Op 1 juli wordt met Keti Koti de afschaffing van de slavernij herdacht. ‘Keti koti’ betekent verbroken ketens en verwijst naar de boeien waarmee de tot slaaf gemaakte mensen werden vastgezet. De naam komt uit de Surinaamse taal, het Sranantongo. Veel Surinamers en Antillianen die nu in Nederland wonen, hebben voorouders die tot slaaf gemaakt zijn. Zij moesten werken op suiker- en koffieplantages in Nederlandse kolonies en waren eigendom van de plantagehouder. Deze mensen konden niet zelf bepalen waar, hoe en met wie ze leefden.
Verbieden van slavernij
Na 1800 zijn steeds meer mensen tegen slavernij, ook in Europa. De Engelsen verbieden slavenhandel in 1814. Pas op 1 juli 1863 volgt Nederland, als een van de laatste landen in Europa.
Kwaku festival
De eerste viering van Keti Koti in Nederland is in 1975. Het werd toen gevierd met een groot Surinaams voetbaltoernooi in Amsterdam. Dit Kwaku festival groeide uit tot een groot feest. Nu worden op de avond voor Keti Koti bij verschillende monumenten in Nederland de slachtoffers herdacht. Op 1 juli is het feest. Mensen vieren dan de vrijheid met een vrolijke optocht en onder andere een festival in Rotterdam en Amsterdam.

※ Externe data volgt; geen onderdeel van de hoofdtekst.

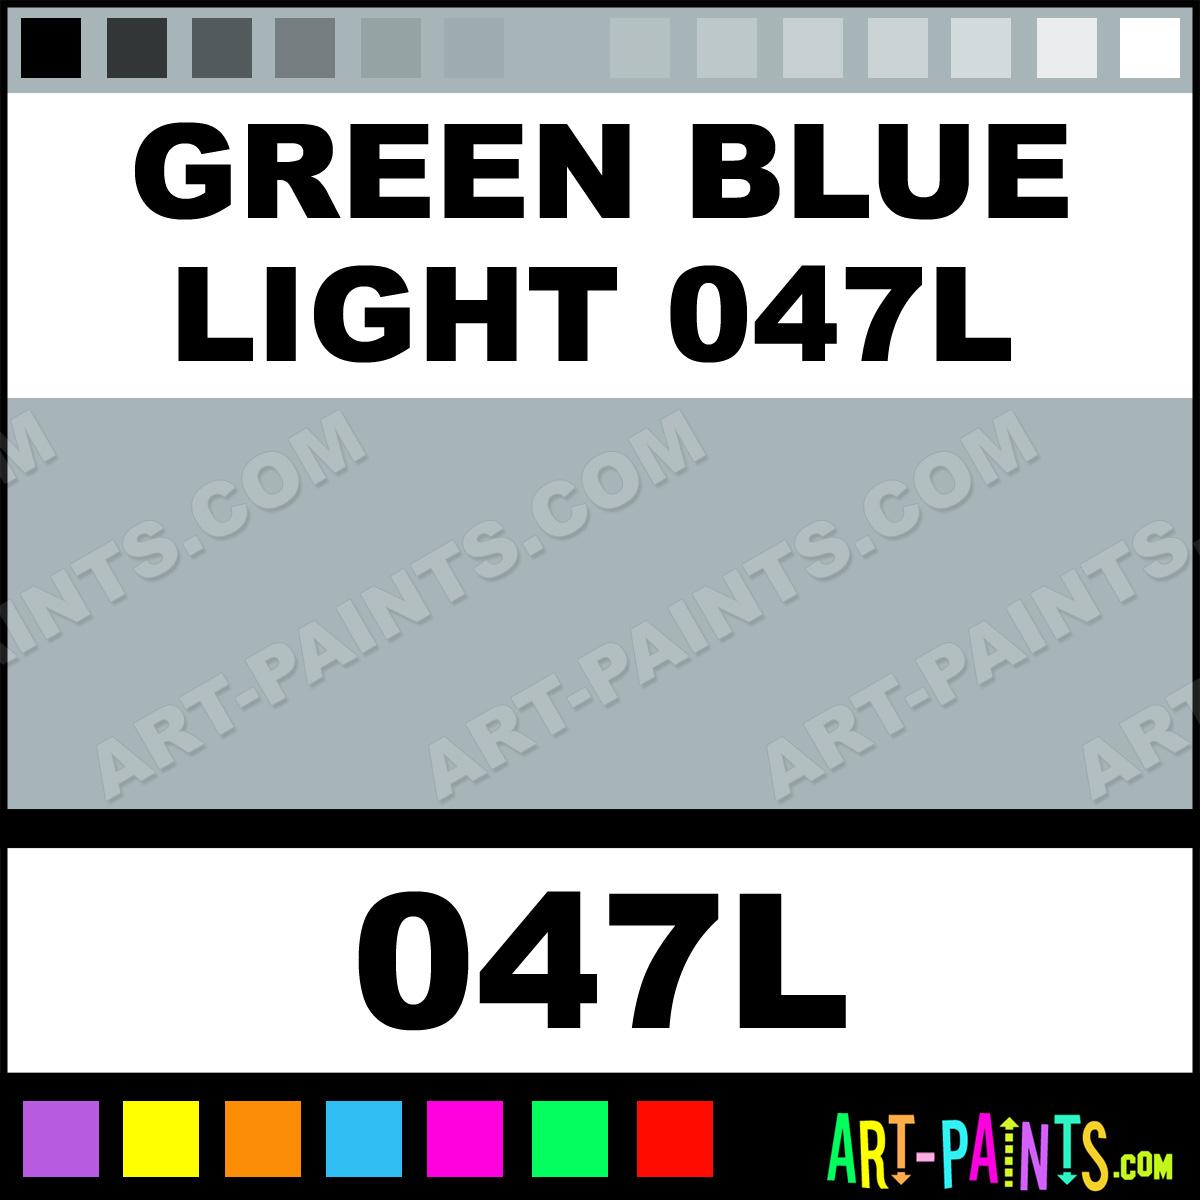 Green blue light 047l soft form pastel paints 047l Light pastel green paint

Speciale kleding: Kotomisi en Angisa
Tijdens de viering van Keti Koti dragen veel mensen speciale kleding en hoofddoek: de kotomisi en de angisa. Het is belangrijk voor ze: het drukt uit wie ze zijn en wat hun geschiedenis is. Kotomisi betekent letterlijk: vrouw (misi) die een rok (koto) draagt. De hoofddoek heet een Angisa. De manier waarop deze gevouwen is, drukt een boodschap uit. Ten tijde van de slavernij konden op die manier geheime boodschappen worden doorgeven.